А потом Александр Трифонович говорил о том, что он уже "дед" (сорок шесть), что к этому возрасту, якобы, из ста родившихся в живых остается только четыре, что у него есть внук, который порядком напоминает о себе и что он, Александр Трифонович, предлагает своим: "Давайте я его высеку!", что хлопот с этим внуком много, что из-за развешенных пеленок не всегда можно добраться до кухни, и что он, дед, очень боялся, справится ли дочь с обязанностями матери, но… "Понимаете, умеет. Все, как и должно… - И потом он еще раз сказал: - Я - дед!"

В прихожей динькнул звонок, и мать ушла открывать. Возвратись, сказала, что пришел Ефрем Михайлович Марьенков, что он убедительно просит Александра Трифоновича принять его, что есть какие-то неотложные дела.

- Какие могут быть дела, если я приехал к маме, к братьям и сестрам?! Я же не на службе! Я никому не сообщал, что буду в Смоленске. Скажи ему, мама, что я не могу принять.

Я видел и чувствовал, как это непонятно было для матери, как она про себя переживала, что должна пойти и передать Ефрему Михайловичу отказ в его просьбе. И сложность тут была в том, что этот старый смоленский писатель изредка приходил к нашей матери, сердечно с ней беседовал, она всегда была рада послушать его, и… приходится вот сказать теперь ему… Пожав своими исхудавшими, старческими плечами, она ушла…

Александр Трифонович был уже немного захмелевшим и с некоторым возмущением начал говорить:

- Не считаются ни с чем, встречают где-нибудь на улице и хоть ты лопни: "просьба земляка", видите ли, - а того, что мои земляки - весь советский народ, не хотят и знать. Да для меня Иркутск так же дорог и близок, как и Смоленск, как любой другой город, если речь идет о человеке.

Мать возвращается и теперь уже говорит от себя:

- Шура! Надо уважить Ефрема Михайловича: пусть он побудет с нами.

- Ну раз уж так, мама, - зови!

До этого случая я никогда не встречался с Марьенковым, но слышал о нем, еще будучи учеником Ляховской школы, кое-что было известно и из более поздних рассказов. Например, я знал, что, уехав из отчего дома, загорьевский юноша Саша Твардовский первую ночь в Смоленске провел как раз у тогда еще молодого Ефрема Марьенкова, в какой-то крохотной проходной комнатке, где не было ни мебели, ни даже кровати…
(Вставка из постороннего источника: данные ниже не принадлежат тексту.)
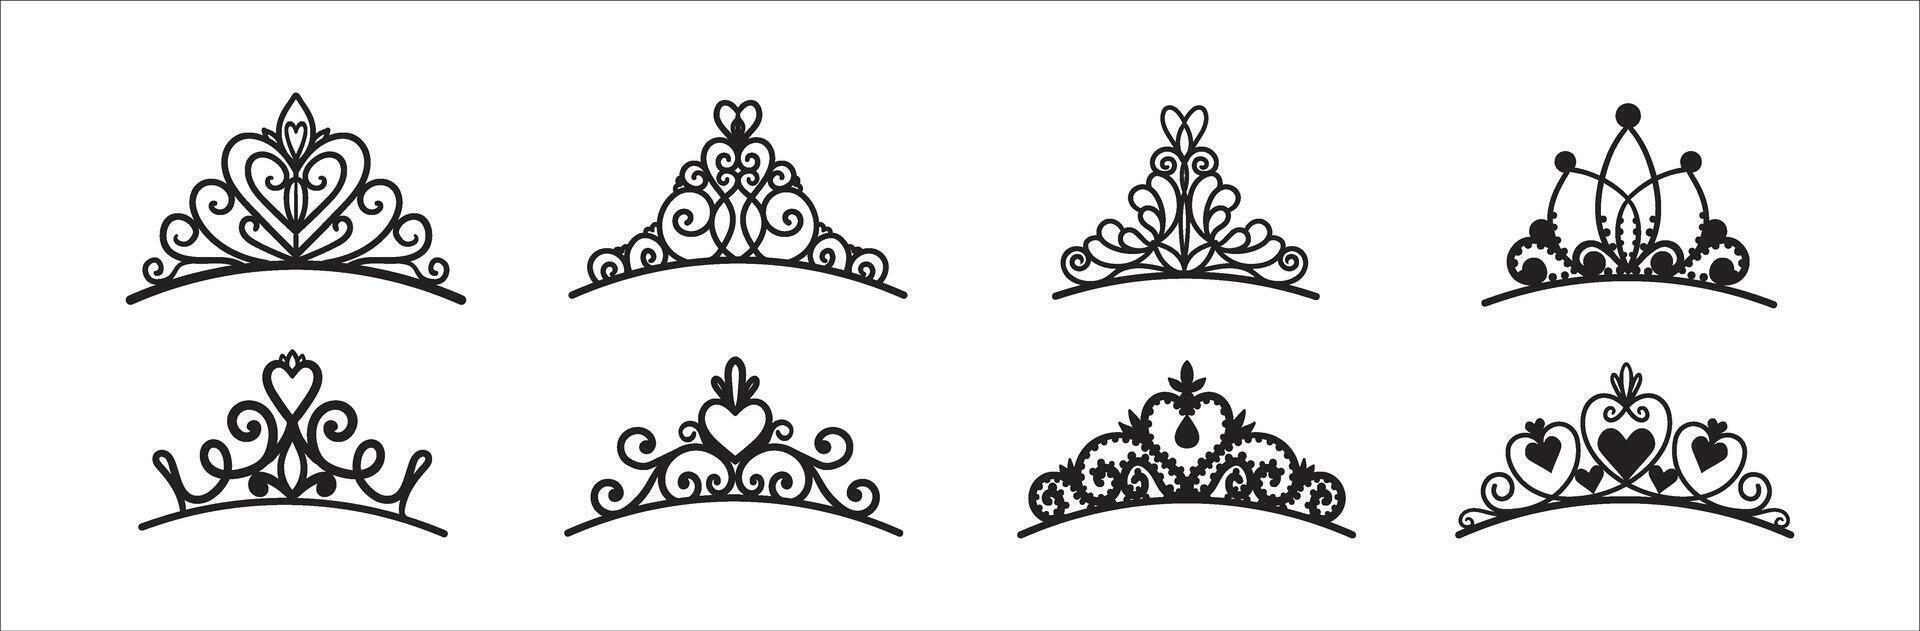 conjunto de diferente siluetas de tiaras y coronas lujo Príncipe y princesa tocados en garabatear estilo. vector

Вошел Ефрем Михайлович. Раскланялся, попросил извинить его.

- Ну проходи, проходи, Ефрем! Садись вот, говори, что у тебя там случилось?

- Саша! Да я, понимаешь, не поверил, прости меня, что ты не можешь или не хочешь меня принять, короче, встретиться со мной, если ты здесь, в нашем родном городе.

- Вот ты какой странный, Ефрем. Да пойми же, что я приехал к маме, хочу побыть хоть день-два с родными, которых годами приходится ради дел оставлять на "потом", но мне хочется видеть их.

Ефрем Михайлович был огорчен. Довод Александра Трифоновича, видимо, казался ему справедливым, но в душе у него, надо полагать, сохранялись еще и другие чувства, которые позволяли надеяться, что Александр Трифонович найдет и для него некую долю дружеского внимания. Он был сколько-то минут в раздумье: напомнить или нет о тех далеких днях, когда прикрывались старой шубой, лежа на полу, с приспущенными брюками, чтобы не коченели ноги, но первое, то есть "напомнить", взяло верх.

- Саша! Так неужто ты забыл, что спали мы с тобой под одной поношенной одежкой?

- Ладно, Ефрем. Начнем с другого. Как дела? Чем дышишь?

- Пишу свою маленькую правду.

- Ты что говоришь? - Александр Трифонович сделал столь удивленный вид, что, казалось, он сомневается, не ослышался ли. - "Маленькая правда" - неправда! - продолжил он. - Правда не должна быть, не может быть "маленькой". Она, Правда, - всегда Правда. Всякие там "правдочки", "правдулечки", "правдишечки" ничего общего не могут иметь с настоящей священной Правдой "на всех языках и наречиях". Правда - вечна!

Александр Трифонович как-то вдруг мгновенно присмирел, ушел в свое сокровенное или, может, сожалеюще обдумывал только что резковато сказанное - трудно гадать. Этот момент был мною замечен, и я помню, что Ефрем Михайлович, видя во мне немолодого человека и зацепив меня взглядом, тихо, но торопливо выложил свои мысли:

- Иван Трифонович, дорогой! Поймите, поверьте, что я гляжу на Александра Трифоновича трепетно, с мучительным сознанием своей заурядности, посредственности, потому что хорошо помню "начало всех начал" в его судьбе. Нам, литераторам Смоленщины, всем без исключения, было дано больше, чем ему. Всех трудней была его дорога. Мы обязаны это признать. Но всех больше и лучше сделал он, Саша Твардовский.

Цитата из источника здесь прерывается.